RECORDS SUPPLIED:
--

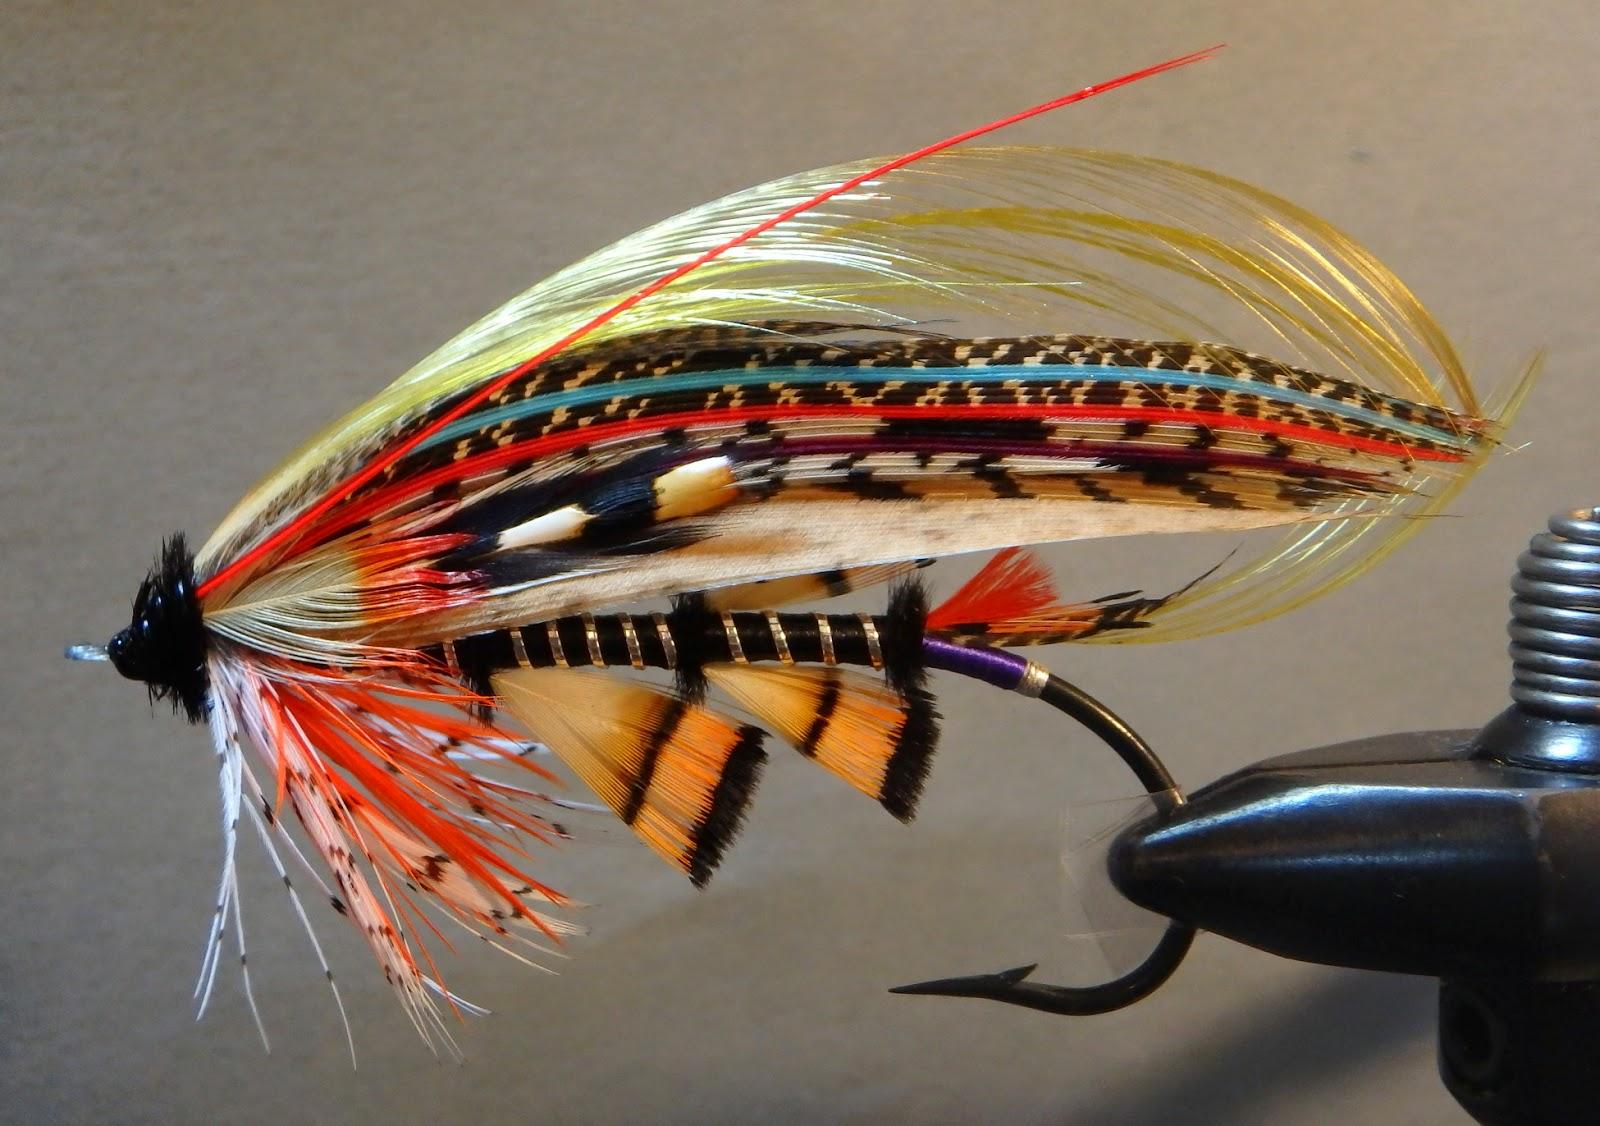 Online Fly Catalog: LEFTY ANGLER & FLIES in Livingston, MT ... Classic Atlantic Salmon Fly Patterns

--

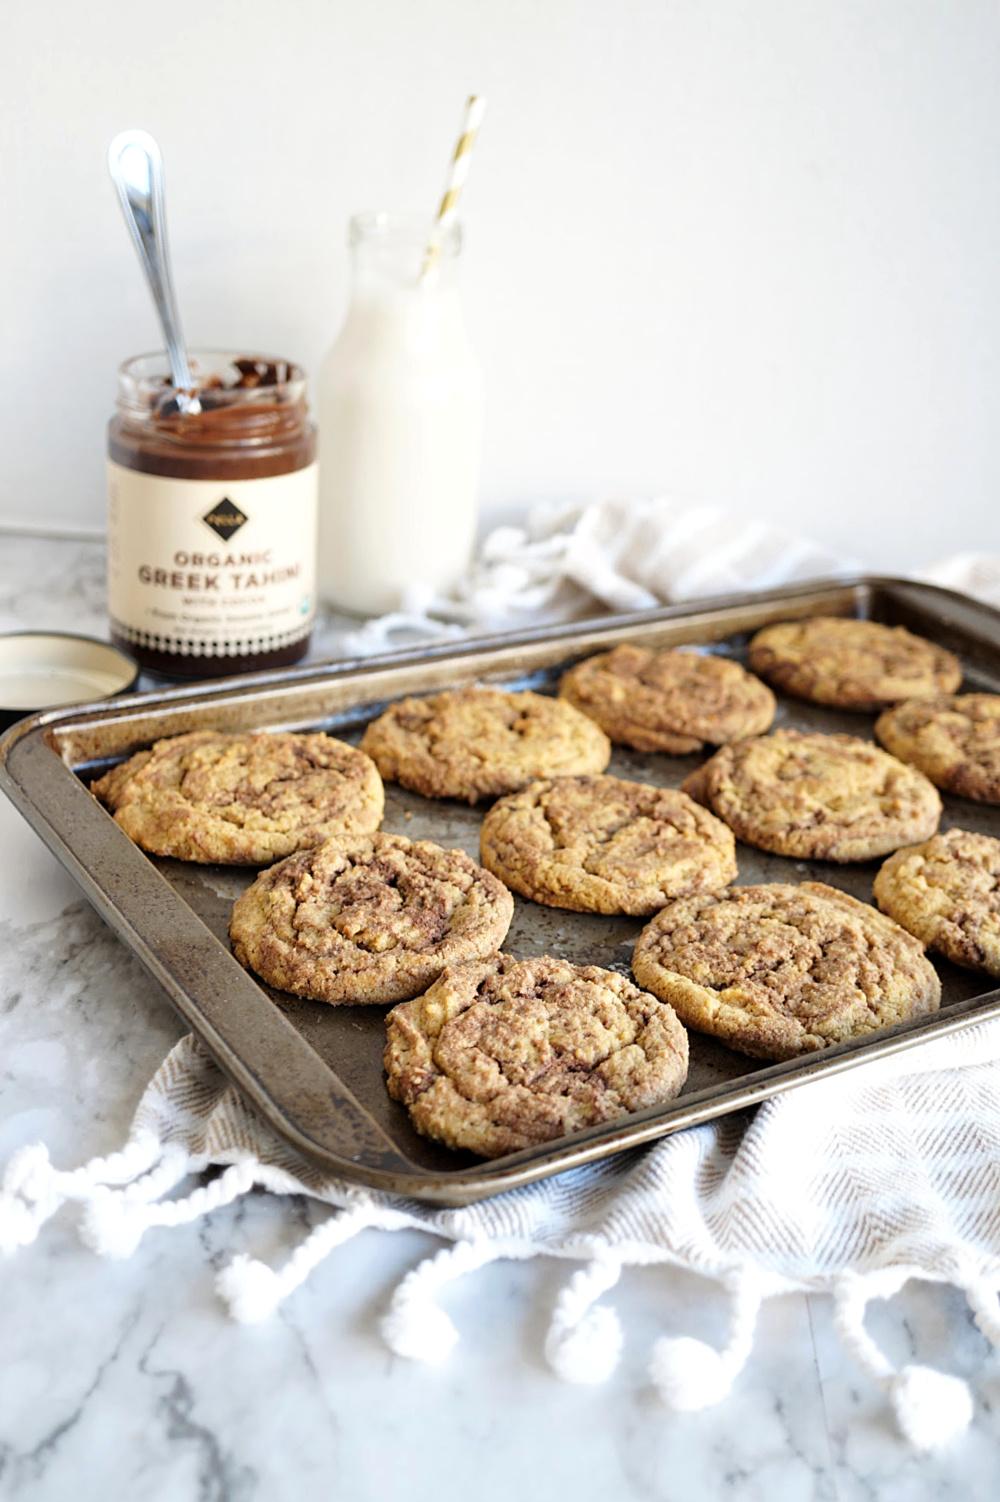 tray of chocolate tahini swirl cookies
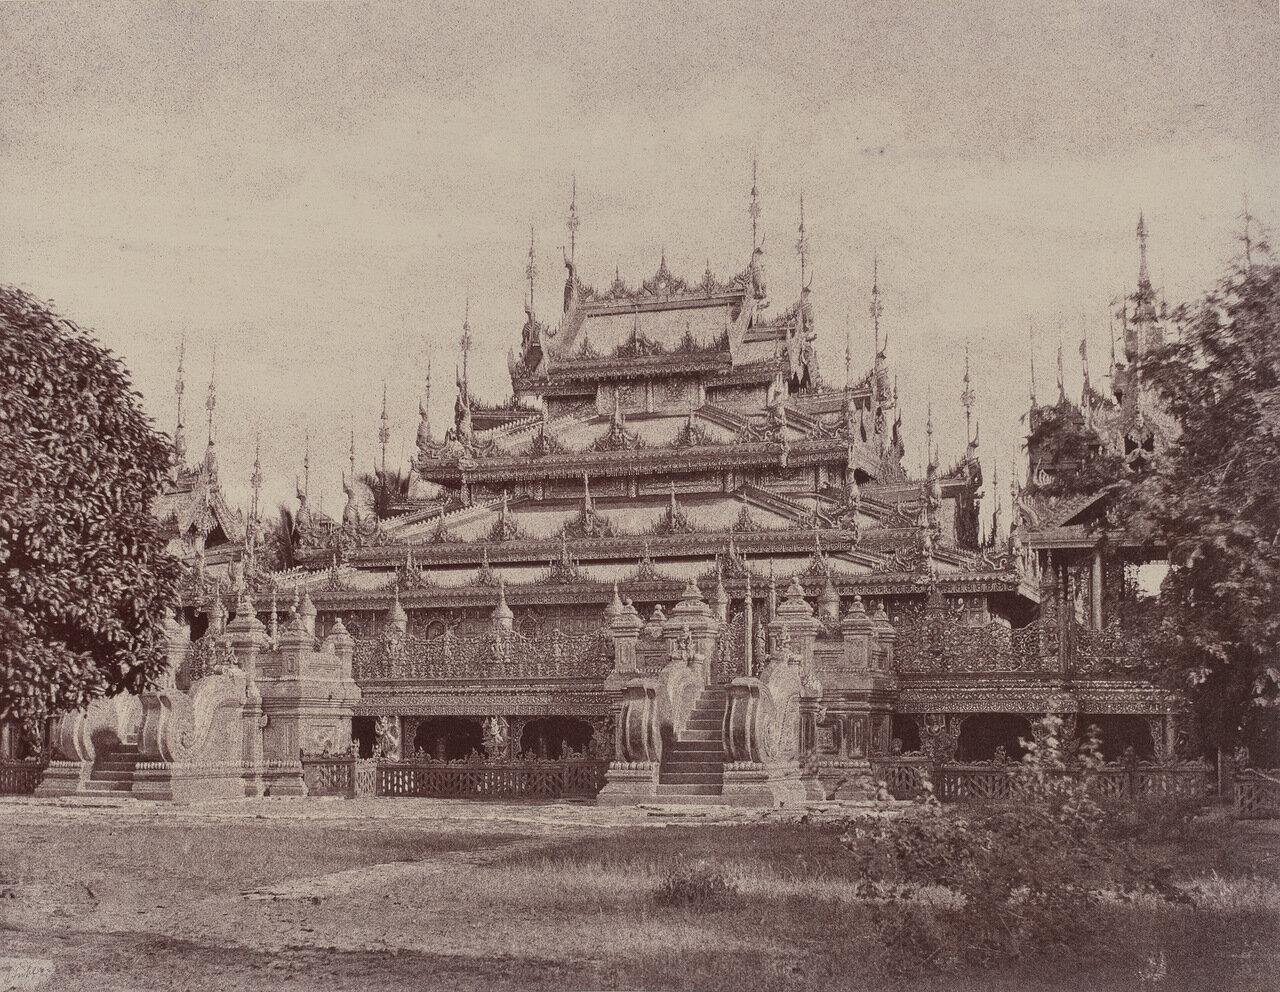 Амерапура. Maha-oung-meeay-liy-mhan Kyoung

--

WHAT TO DO: Each line above from the one containing "tray of chocolate tahini swirl cookies" through the one containing "Амерапура. Maha-oung-meeay-liy-mhan Kyoung" is to be returned verbatim. Nothing else, and no pictures.

TASK RESULT:
 tray of chocolate tahini swirl cookies
 Амерапура. Maha-oung-meeay-liy-mhan Kyoung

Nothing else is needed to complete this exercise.